News of the award to Thatcher was greeted with vitriolic protests by leftist Irish and Jesuit activists. (Boston College, a Jesuit institution, was founded by Irish Catholic immigrants). Thatcher was attacked for her record on Northern Ireland. She was called a bigot, a censor, an enemy of human rights. The scheduling of the award for May 5 – the anniversary, as it happens, of the death of Bobby Sands, an armed robber and Irish Republican Army gunrunner who starved himself to death in a 1981 hunger strike – was denounced as sacrilegious.
"Forever in Irish history," snapped Rev. Sean McManus of the Irish National Caucus in Washington, an anti-British outfit, "she will be identified with the brutal treatment of political prisoners."
Another inquisitor judged Thatcher insufficiently spiritual to deserve a medal named after Saint Ignatius (prior recipients: Tip O'Neill and and the chairman of GM). "During her time as prime minister there was no great decrease in the gap between rich and poor – in fact, quite the opposite." As for her foreign policy, it was "quite bellicose."
Time was when Jesuit-trained minds would have laughed off such criticism as juvenile and trite. BC's president, however, caved in to it. On Monday, the university announced that Thatcher would not receive the medal after all.
Thatcher has been snubbed by better schools than Boston College. Ten years ago the dons at Oxford, in high dudgeon over Thatcher's antisocialist policies, voted to deny her an honorary degree. They disagreed with the prime minister, therefore the prime minister must be slighted. Boston College has no monopoly on supercilious campus leftists.
On the other hand, Thatcher has been honored by better Catholics than BC's privileged alumni.
"The next day," she writes in her memoirs, recalling Nov. 4, 1988, "was one I shall never forget.

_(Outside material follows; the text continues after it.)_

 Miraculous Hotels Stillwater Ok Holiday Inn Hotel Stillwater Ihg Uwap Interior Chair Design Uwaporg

"I flew up to Gdansk. . . . It was suggested that I might like to look around the nearby church of St. Brygida. To my delighted astonishment, when Mr. Walesa and I entered, I found the whole church packed with Polish families, who rose and sang the Solidarity anthem 'God Give Us Back Our Free Poland.' I could not keep the tears from my eyes. I seemed to have shaken hundreds of hands as I walked around the church. . . . As I left there were people in the streets crying with emotion and shouting, 'Thank you, thank you' over and over again. I returned to Warsaw with greater determination than ever to do battle with the communist authorities."
After the tears and passion of St. Brygida, what do a medal and a dinner from Boston College matter?

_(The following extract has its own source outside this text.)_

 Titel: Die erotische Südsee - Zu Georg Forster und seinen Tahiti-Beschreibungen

There will be other medals and other dinners. And if Boston's Irish Catholic obsessives live out their days reviling the name of Margaret Thatcher, so what? Her reputation doesn't rest on what she did or failed to do in the field of Anglo-Irish relations. (Which is not to minimize her accomplishments. She did negotiate the Anglo-Irish Agreement of 1985, after all. And she did survive the IRA's attempts to kill her.)
Thatcher's greatness isn't about the weary Ulster sideshow. It's about the reanimation of the Western democracies in the 1980s.

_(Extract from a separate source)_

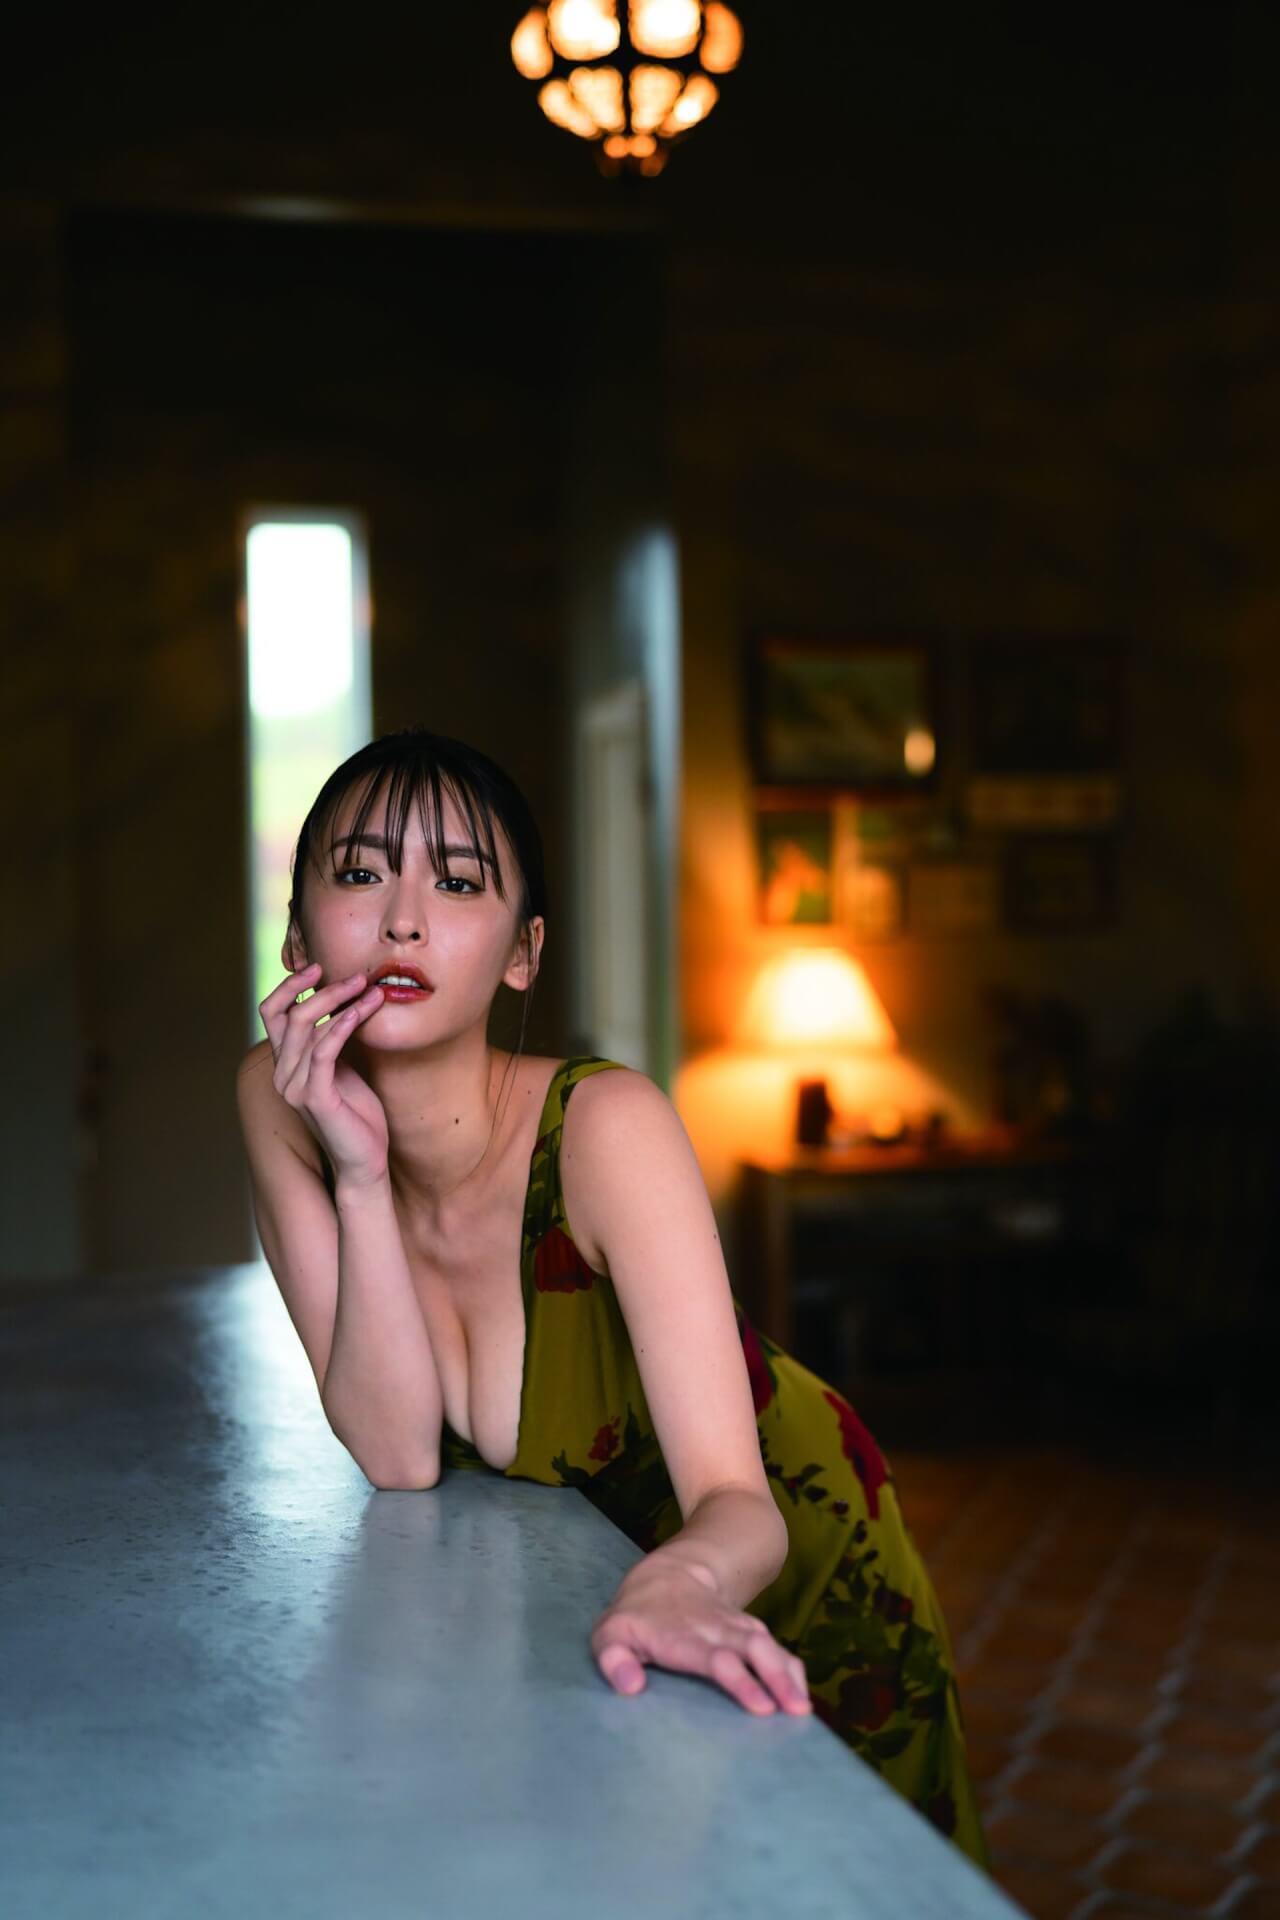 写真集『たまゆら』でセクシーすぎる横乳を披露した奈月セナがサイン本お渡し会を開催!コメントも到着 art210705_natsukisena_4

When Thatcher came to power in 1979, Britain was sick and listless, paralyzed by unions run amok, and sunk deep in collectivist gloom. Its decline into Third World status seemed unstoppable. But Thatcher stopped it, and reversed it.
She wasn't wobbly, slick, lazy, elitist, or weak. She knew her mind. She had deep respect for middle-class virtues and values. She championed free trade in a Europe riven by protectionism and was a friend of the United States in a world gone goofy with anti-Americanism. She stood up to aggressors from the Falklands to Kuwait and stood with President Reagan in winning the Cold War.
Britain is better because Thatcher served. So is the West. So is the world. This grocer's daughter, this bossy woman with her ubiquitous handbag, is one of the giants of our time. She won't be at the dinner on May 5? A pity. But make no mistake: It is Boston College, not Mrs. Thatcher, that will be the poorer.